Para Adorno, que había sido discípulo de Alban Berg, la superioridad del arte de
vanguardia, incluso frente a la propia filosofía, consistía en su capacidad para
negar la irracionalidad –o la racionalidad instrumental– del capitalismo, así
como evitar ejercer, junto a ello, cualquier tipo de violencia contra lo particular o
lo no­idéntico como forma de ser propia de la naturaleza. En este sentido, el arte
realizaba para Adorno una tarea esencialmente utópica, basada en su capacidad
para plasmar la realidad en su diferencia, en la singularidad irreductible de sus
discontinuidades, como algo que el pensamiento identificante de la filosofía,
pero sobre todo del pensamiento científico, jamás podría lograr.

En muchos sentidos, esta lectura puede parecernos completamente errada.

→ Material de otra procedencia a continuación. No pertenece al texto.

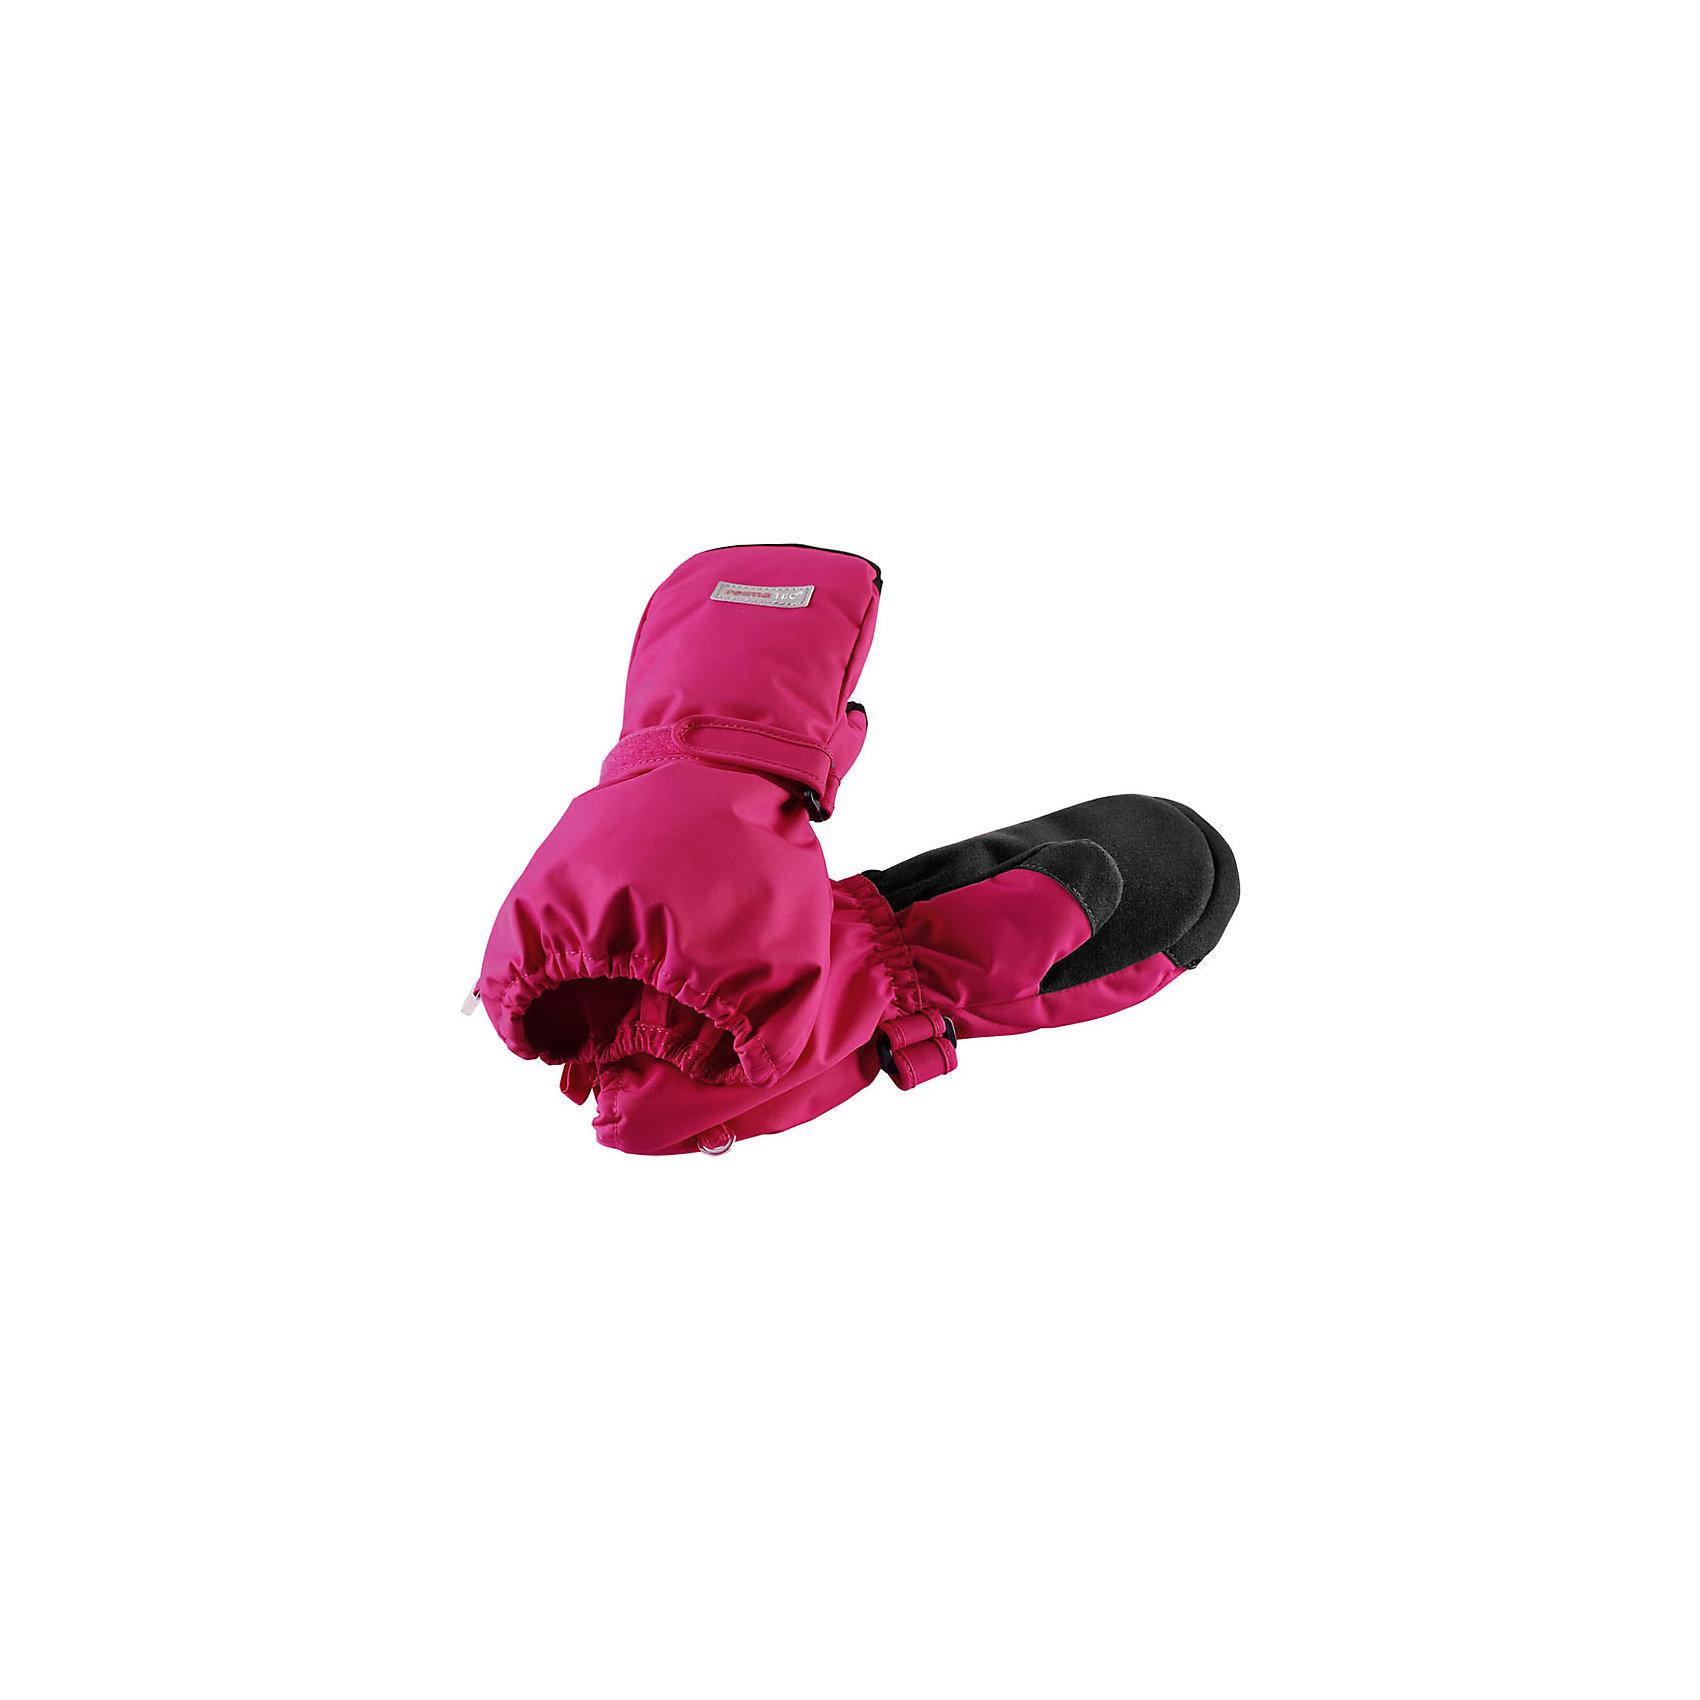 Варежки Reimatec® Reima OteПерчатки, варежки<br>Характеристики товара:<br><br>• цвет: розовый;<br>• состав: 100% полиэстер;<br>• подкладка: 100% полиэстер, флис;<br>• утеплитель: 170 г/м2;<br>• сезон: зима;<br>• температурный режим: от 0 до -20;<br>• водонепроницаемость: 10000/15000 мм;<br>• воздухопроницаемость: 7000 мм;<br>• износостойкость: 40000 циклов (тест Мартиндейла);<br>• полная водонепроницаемость и дышащая способность благодаря вставке Hipora;<br>• водоотталкивающий, ветронепроницаемый и грязеотталкивающий материал;<br>• прочный материал;<br>• водонепроницаемая вставка;<br>• усиленные накладки на ладонях и больших пальцах;<br>• сплошная подкладка: мягкий теплый флис;<br>• застежка на липучке спереди;<br>• утеплитель PrimaLoft®;<br>• светоотражающие детали;<br>• страна бренда: Финляндия;<br>• страна изготовитель: Китай.<br><br>Зимние варежки Reimatec®+ для малышей и детей постарше снабжены водонепроницаемой вставкой Hipora, а также усилениями на ладони, большом пальце и по верху варежки. Во время веселых зимних прогулок пальчикам будет тепло и сухо весь день. <br><br>Варежки подбиты невероятно легким, но при этом водонепроницаемым утеплителем PrimaLoft®! Благодаря высокотехнологичным материалам – утеплителю PrimaLoft® и ткани Reimatec® Duraplus – варежки хорошо пропускают воздух, обеспечивая максимальный комфорт в любых условиях.<br><br>Варежки Ote Reimatec® Reima от финского бренда Reima (Рейма) можно купить в нашем интернет-магазине.<br><br>Ширина мм: 162<br>Глубина мм: 171<br>Высота мм: 55<br>Вес г: 119<br>Цвет: розовый<br>Возраст от месяцев: 96<br>Возраст до месяцев: 120<br>Пол: Унисекс<br>Возраст: Детский<br>Размер: 6,2,3,4,5<br>SKU: 6902367

En primer lugar, porque limita la filosofía a una determinada forma de
expresión, como si eso no tuviera discusión; en segundo lugar, porque exagera la
naturaleza del arte; finalmente, porque la filosofía del arte entra en
contradicción consigo misma, siendo de antemano una tarea imposible y, por
tanto, incapaz de aceptar o denegar lo que el arte es o deja de ser, como
pretendería el mismo Adorno. Sin embargo, esta perspectiva utópica le permitió
a su autor tomar una posición crítica muy poderosa frente al arte, en la que el
filósofo se permitía condenar sin remordimientos a cientos de artistas y
pensadores, en una actitud que, si bien parte de una consideración inadecuada,
acierta en el blanco cuando busca los déficit de las teorías y las creaciones que
critica.

Para comprender sus reflexiones sobre Beethoven, demasiado fragmentarias


como para ser leídas por cuenta propia, es esencial dirigirse en primer lugar a la
Filosofía de la Nueva Música, que debería entenderse siempre, según
manifestaba su autor en el prólogo de 1948, como un añadido a la Dialéctica de
la Ilustración (1947), lecturas ambas que debemos acompañar con su Teoría
Estética (1969), que estuvo escribiendo –como sus anotaciones sobre
Beethoven– hasta el final de sus días. En todos los casos, se trata de denunciar la
victoria de la razón subjetiva, de la división del trabajo que inunda incluso el
ámbito de lo espiritual, de una sociedad incapaz de pensar sus fines y donde
toda actividad con sentido se convierte en comercio, en una relación abstracta
entre productores, trabajadores y consumidores.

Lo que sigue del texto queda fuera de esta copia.